A: All of those not on the ends are equal, as they all denote the same thing. The last one, I've never seen. The first one is "close" - I'm going to get to that.
However, there is actually a very good question you ask here - namely, if we have
$$\frac{df}{dx}$$
how can we write, with this notation, what the value at $x = 3$ is? And the "best" answer to this is that we have to make a clear distinction between three different things:


*

*the meaning of the symbol "$f(x)$",

*the meaning of the symbol "$f$", and

*what kind of "thing", "differentiation", is.

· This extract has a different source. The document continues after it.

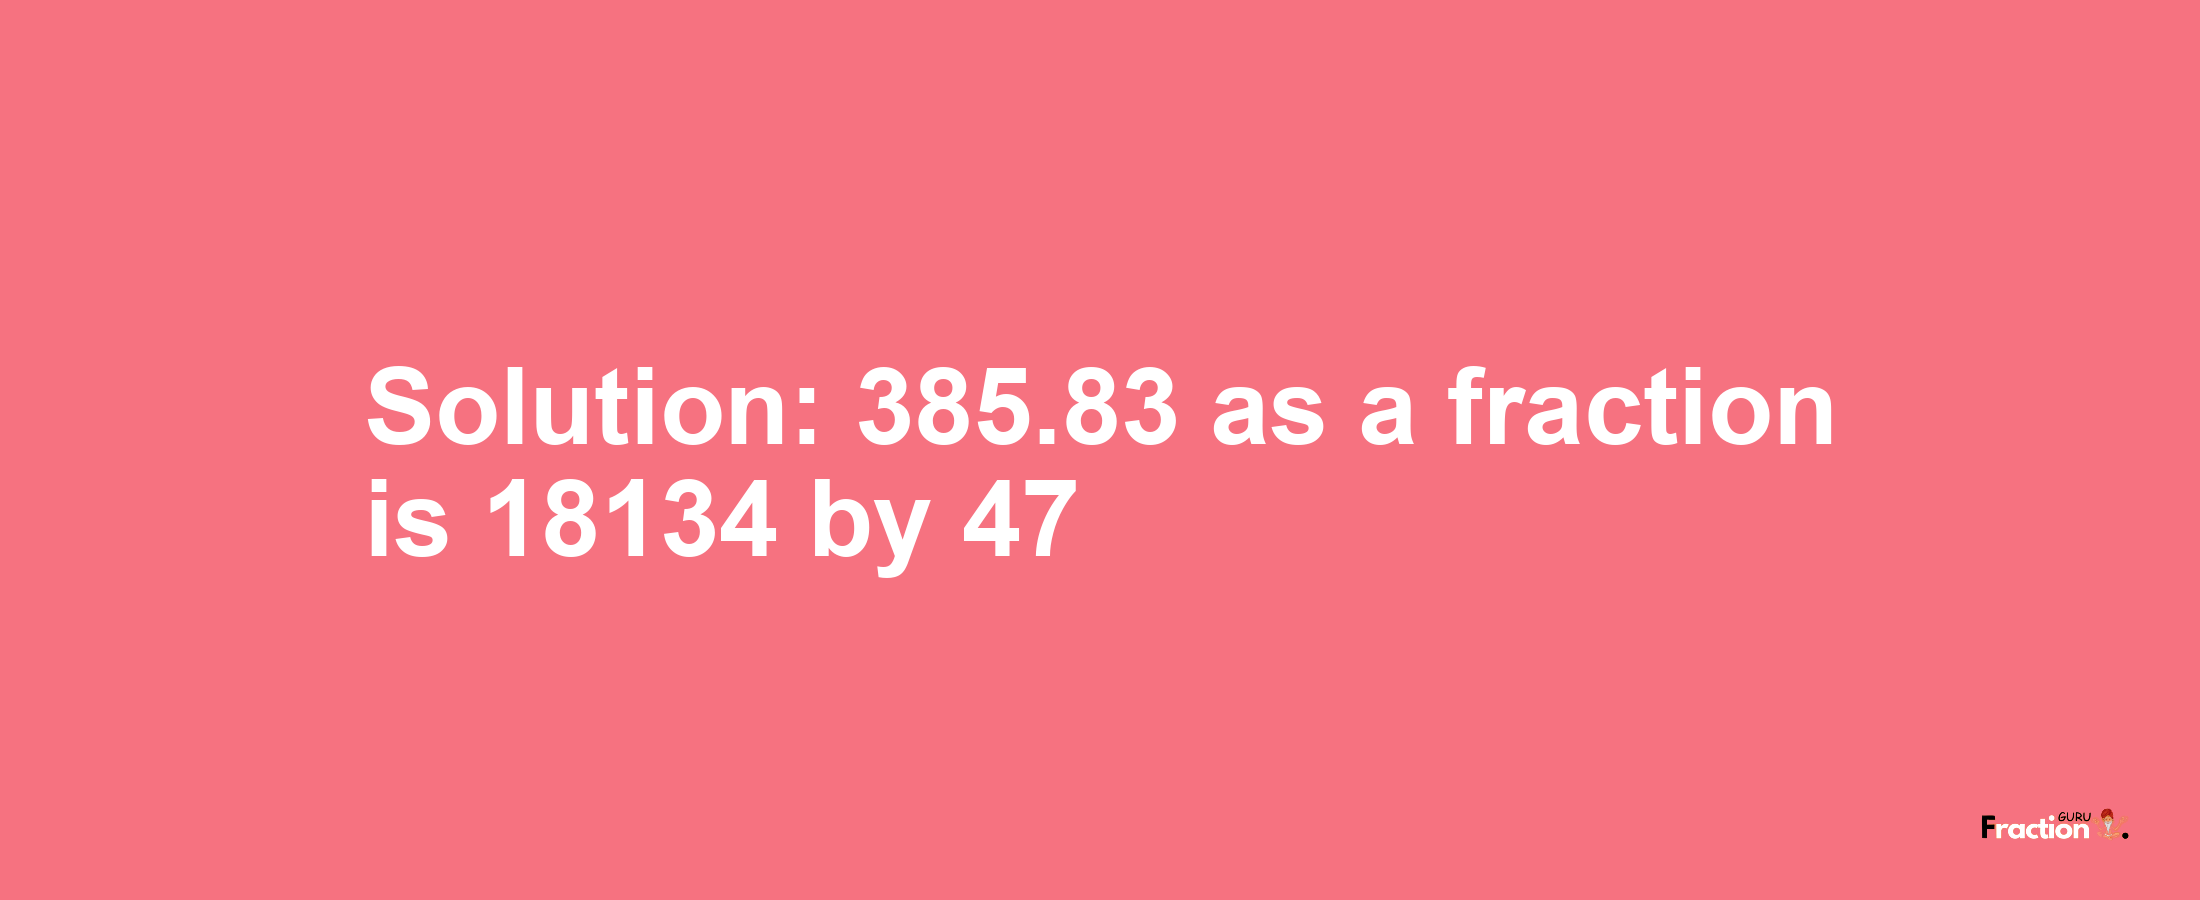 Solution:385.83 as a fraction is 18134/47

And this stuff typically isn't touched on as well as it could be, and when it needs to be. The symbol $f(x)$ is not a function, even though it often gets abused by calling it such. Rather, what it is is the value of the function at $x$, and if $x$ is a variable that hasn't been assigned a value yet, this value is also unspecified (except that it must be within the range of the function). That is, $f(x)$ is a symbol for a (possibly unspecified) number.
What $f$ is, on the other hand, is the function itself: the mathematical object that you can plug numbers into to get other numbers out. Thus, you should, ideally, never say "the function $f(x)$", when what you really mean is "the function $f$", according to the above understanding.
Now, for the last part. What "differentation" is, is what is called an operator, or a higher-order function: it is a function that takes in other functions as inputs and pops out functions. Such things are typically denoted by prefixing their symbol against the function symbol: hence here, you should have $\frac{d}{dx} f$, which is shortened to $\frac{df}{dx}$, and this forms a combined function symbol.
Hence, if you want the value at $x = 3$, say, I'd argue you should "best" write
$$\left[\frac{df}{dx}\right](3)$$
which means to evaluate the function denoted by the symbol $\frac{df}{dx}$ at 3. And this, thus, generalizes likewise to higher derivatives, e.g.
$$\left[\frac{d^2 f}{dx^2}\right](3)$$
and so forth.
Of course, if you think about this even more, technically we should not ever write something like
$$\frac{df}{dx} + x$$
even though this is very common, e.g. in writing a differential equation, and you can "get away with it" in that people will generally know what you mean. This is because here, $x$ is a number, and $\frac{df}{dx}$ is a function. To be "absolutely" correct, you will have two choices: either demote $\frac{df}{dx}$ to a number, which will make it
$$\left[\frac{df}{dx}\right](x) + x$$
or, to promote $x$ to a function, in which case, if you don't want to give another function symbol, you have to use the anonymous function notation
$$\frac{df}{dx} + \left(x \mapsto x\right)$$
Either of these would be a fully-correct mathematical expression (though keep in mind, they actually have a different, but related, meaning each! What is it?) But since they are a bit ungainly, we accept the "wrong" notation as a shorthand: it's called "abuse of notation". And there isn't anything wrong with that, as long as you clearly understand what is going on, which you can check by trying to mentally translate it into the strictly proper, if not typically used, notation. Just like learning a foreign human natural language, where that in typical speech we'll never always follow the rules of grammar perfectly, but we always try to learn the ideal forms first, when learning the mathematical language we should keep in mind the same principle.